Treat every vendor banking change as a high-risk identity event, not a routine administrative request. Require independent confirmation through a known contact path, verify the request against approved records, and block execution until a second control confirms the change. Email alone should never be enough to move money or alter recipient details.
Why This Matters for Security Teams
Vendor payment changes are a classic fraud path because the request looks routine while the impact is immediate and irreversible. Email is especially risky because it is easy to spoof, redirect, or use after a mailbox compromise. Treating a bank-detail update as a simple service request misses the identity question at the centre of the event: who is asserting the change, through what trusted channel, and with what independent proof?
This is why NHI Management Group treats payment instructions as identity governance, not just accounts payable workflow. The same lesson appears in NHIMG reporting on the DeepSeek breach and the Ultimate Guide to NHIs: attackers often target the weakest trust boundary, then reuse that trust to move laterally into systems, accounts, or payments. That aligns with the broader defensive direction in the NIST Cybersecurity Framework 2.0, which emphasises governance, verification, and protected transactions over blind process execution.
In practice, many security teams encounter fraudulent vendor changes only after the payment has already been redirected, rather than through intentional control testing.
How It Works in Practice
The safest pattern is to classify any change to vendor banking details as a high-risk identity event that requires step-up verification before any master-data update or payment release. The request should be checked against approved vendor records, then independently confirmed through a known contact method that was established before the change request arrived. That means no replying to the same email thread, no using phone numbers in the message, and no relying on one-person approval.

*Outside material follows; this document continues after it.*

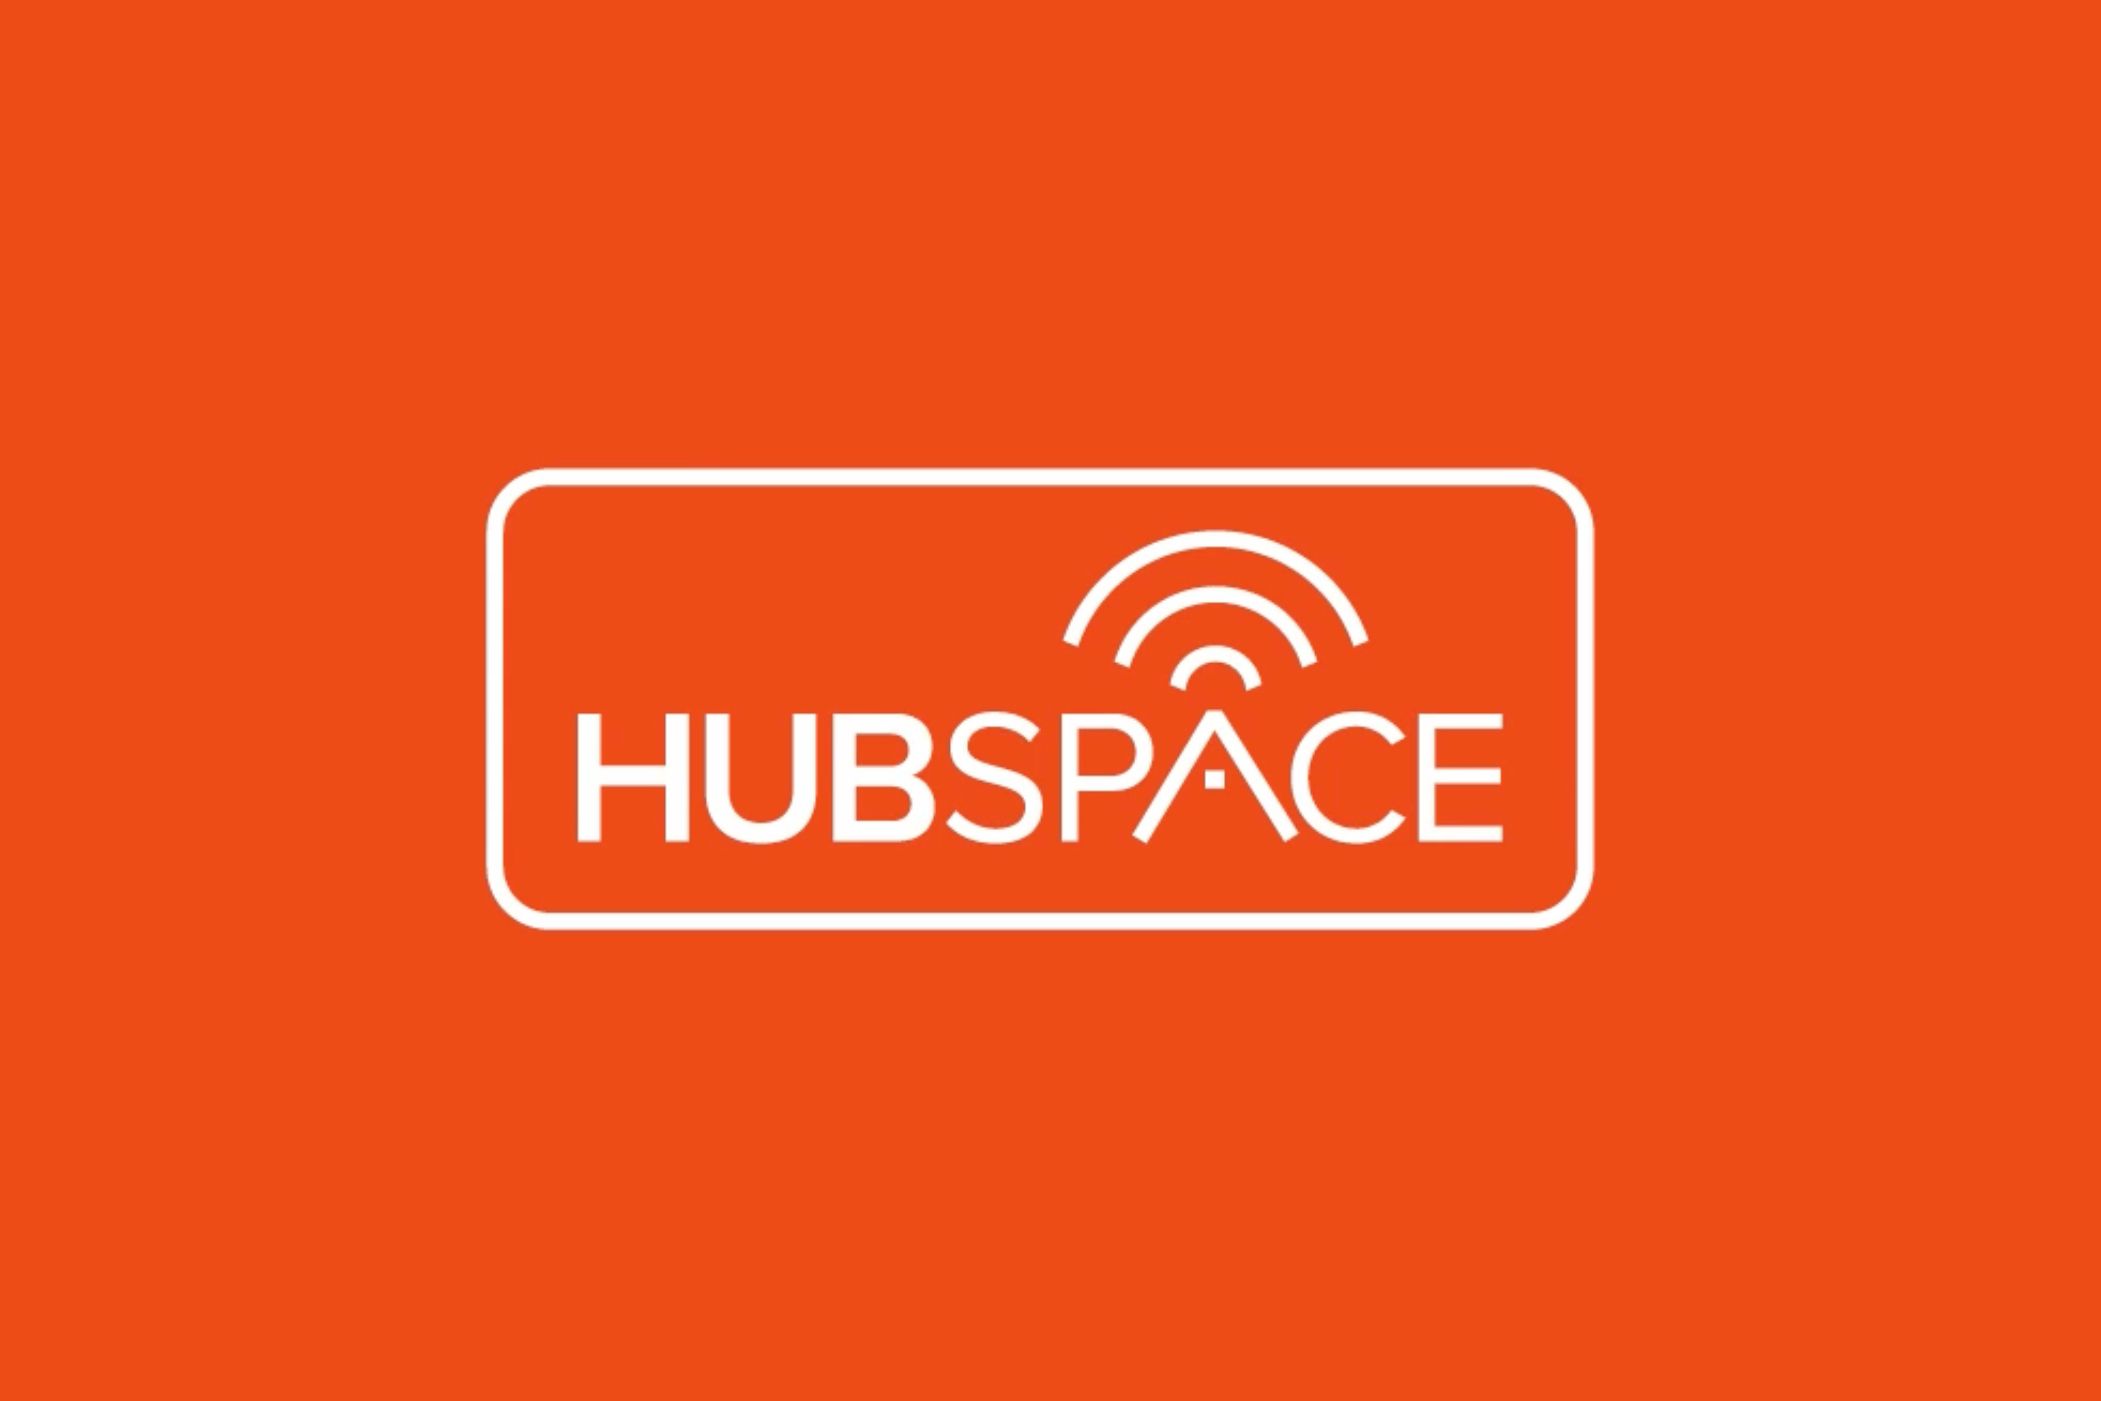 Home Depot's Hubspace brand logo.

A practical control stack usually includes:
- Dual-channel confirmation, such as a pre-registered phone number or vendor portal.
- Maker-checker approval for any bank account or beneficiary change.
- Hold-and-release controls that block payment until verification completes.
- Fraud escalation for out-of-pattern requests, urgency language, or first-time beneficiary changes.
- Audit logging that preserves the request, verification steps, approvers, and final execution trail.
Where possible, agencies should use policy-based workflow rules rather than manual judgment alone. That is consistent with NIST CSF expectations for access and change governance, and with NHIMG guidance that treats compromised identity signals as an operational risk in the payment chain. The important point is that the control is not just about fraud detection after the fact; it is about stopping unauthorised change at the point of request. Current best practice suggests that finance, procurement, and security should share responsibility because no single team sees the full risk picture.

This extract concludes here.